In the investigation, Radio Liberty journalists claimed that Matraimov earned his wealth while being part of a corruption scheme that allowed a group of Chinese companies led by the secretive Abdukadyr family bring goods into Kyrgyzstan without paying any customs fees. One of the major sources of the investigation, a self-confessed money launderer Aierken Saimaiti who worked for Abdukadyrs, was murdered in Istanbul in November 2019.

Although Matraimov denied any links with the murder of Saimaiti, the next part of the journalism investigation about him, heavily based on interviews with Saimaiti, was published on November 21, 2019, ten days after the assassination of Saimaiti. This time it was a joint investigation by Radio Liberty, OCCRP and Kloop, a Kyrgyz media outlet, and it revealed more details about the corruption schemes at the Kyrgyz customs service.

According to November investigations, Matraimov not only backed illegal activities of the Abdukadyr family business, but got involved in at least one joint real estate project with them: Matraimov's wife Uulkan Turgunova was revealed to be a co-owner of an estate in Dubai together with one of the Abdukadyr family members. Neither Matraimov, nor his wife have ever had an official salary that would allow them to invest into such an expensive project.

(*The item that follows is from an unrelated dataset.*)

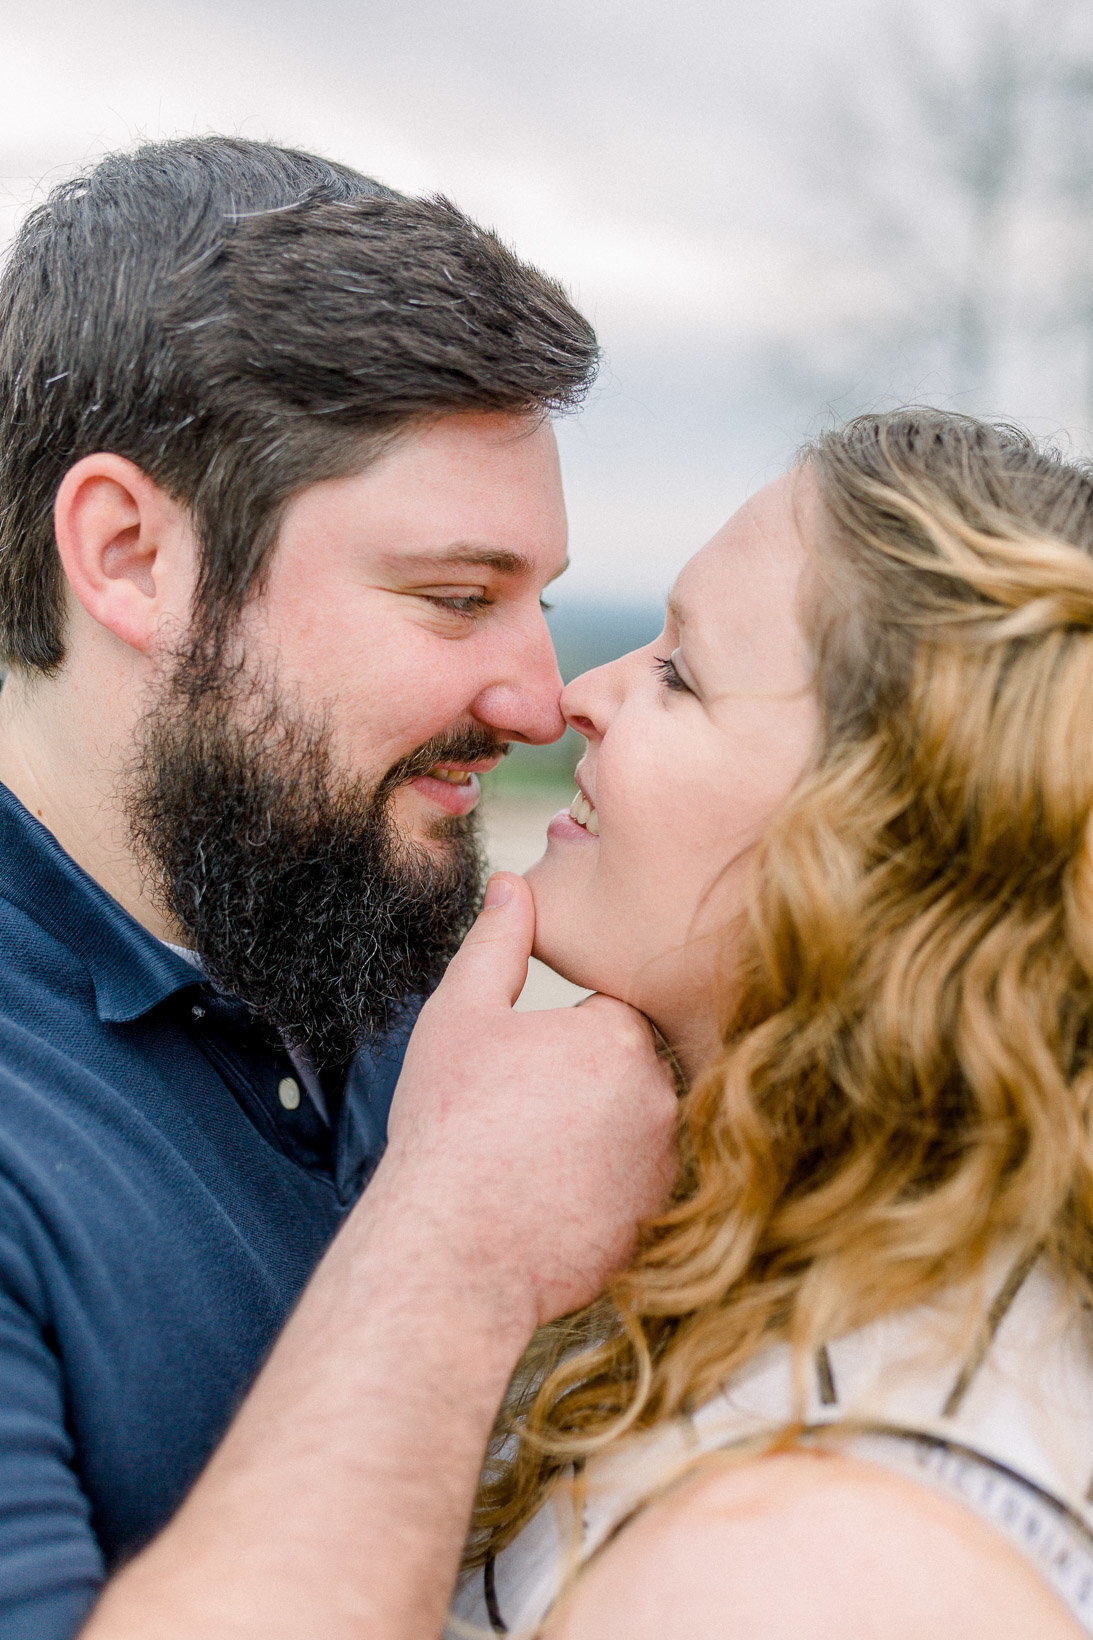 Intimate moment between couple captured by Staci Addison Photography

=== Protests and lawsuit ===
Four days after the November publications, hundreds of people took part in a protest in front of the Kyrgyz government headquarters in Bishkek, demanding from authorities to investigate corruption scheme described in the new part of the journalism investigation. Matraimov and his family kept on denying all the accusations, and in December 2019 they filed a lawsuit against Radio Liberty and Kloop. While Reporters Without Borders named this lawsuit "absurd" and called on a court to dismiss it, this never happened. Matraimov and his family demand more than 700,000 Euros of compensation from media outlets, but there have not been any verdict given yet.

=== Arrest and trial ===
Following the uprising and the change of the government that took place in Kyrgyzstan in October 2020, Matraimov was arrested on October 20, 2020. Kyrgyz National Security Committee (GKNB) claimed that Matraimov was alleged to have made hundreds of millions of dollars from smuggling. After spending just one day in custody, he was released and put under house arrest.

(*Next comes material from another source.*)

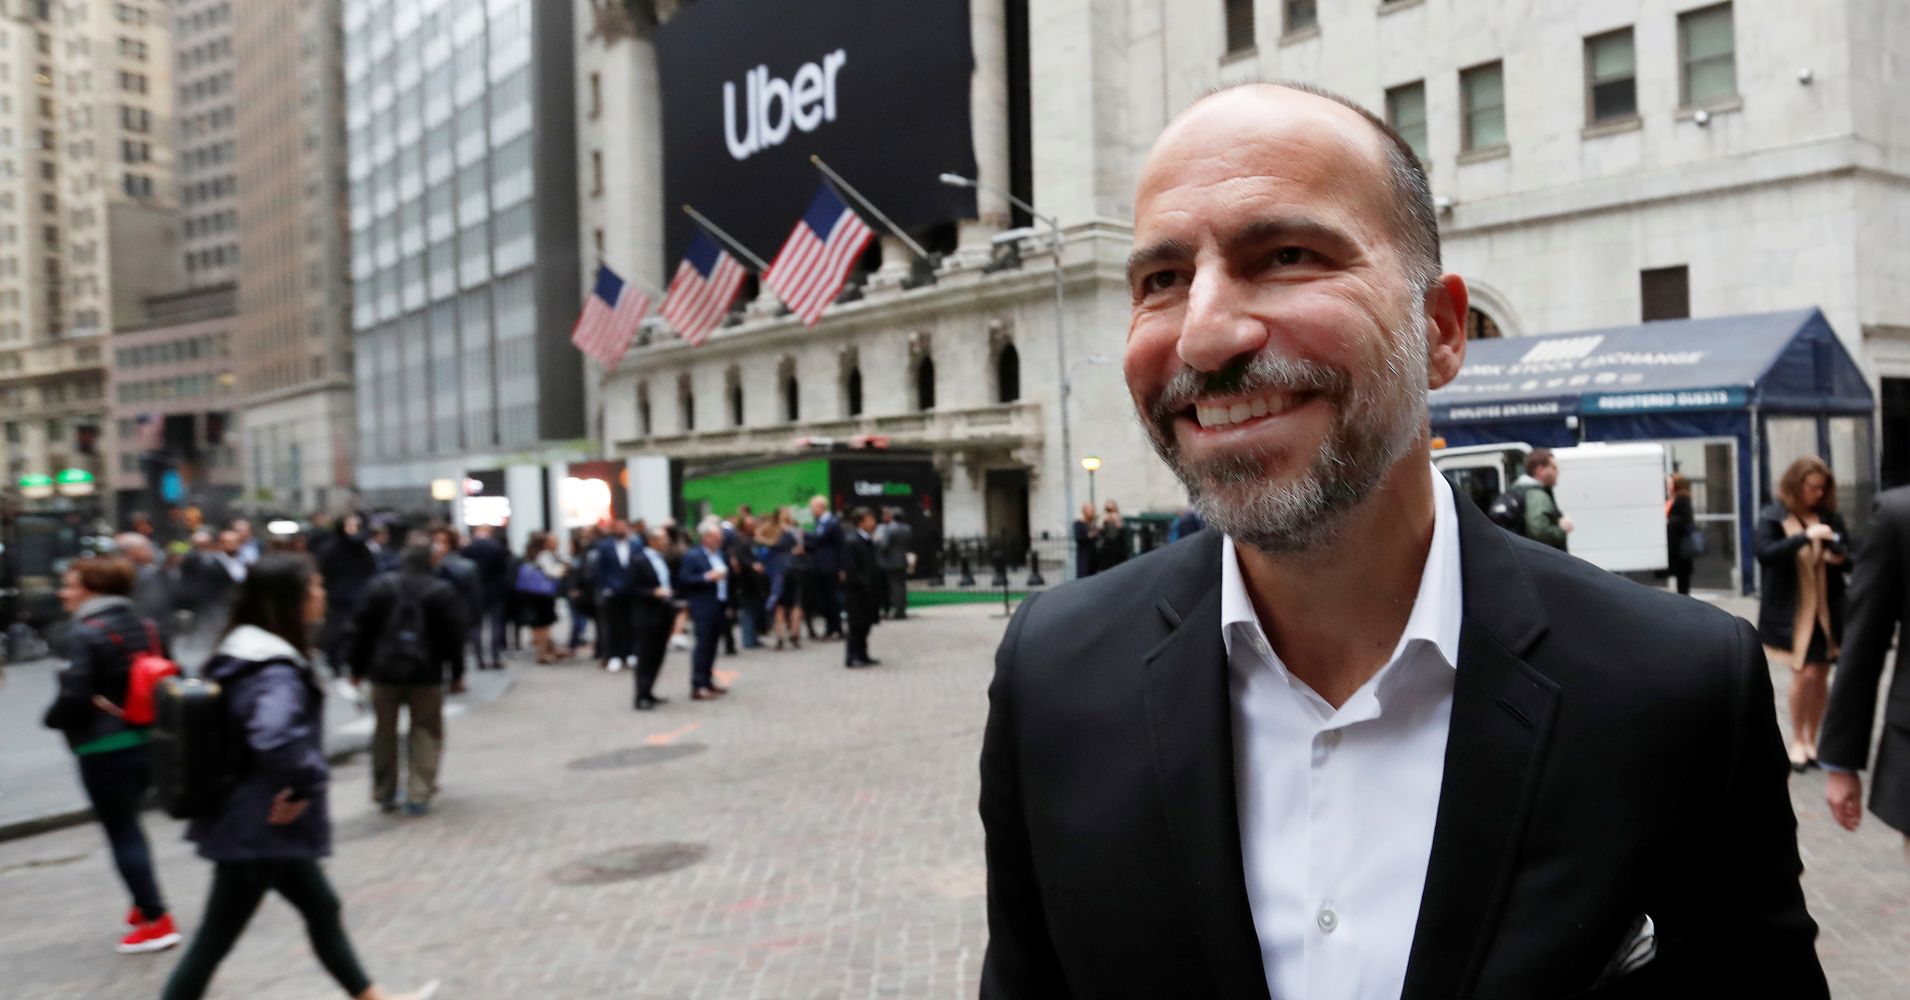 Uber CEO says he's building the next Amazon, though growth is slowing

In February 2021 Matraimov was sentenced to pay a fine of 3000 US Dollars. After public uproar, he was arrested again, and the new case was opened against him.

== Personal life ==
Matraimov is married to Uulkan Turgunova, who appeared in journalism investigations alongside him. After analyzing Turgunova's private social media accounts, Kyrgyz journalists revealed she owned expensive watches and jewelry that she would not be able to afford with her official salary. Author of one of the stories about Turgunova was physically attacked in Bishkek in January 2020, three weeks after he published a story about her wealth. In 2020 Bellingcat and the OCCRP connected Matraimov and Turgunova to properties, including a cottage at Issyk-Kul and a luxury apartment in Dubai. Matraimov and his wife Turgunova, were both sanctioned by the United States Department of State citing corruption.

Tilek Matraimov, another brother of Raimbek, is the head of Kara-Suu district administration.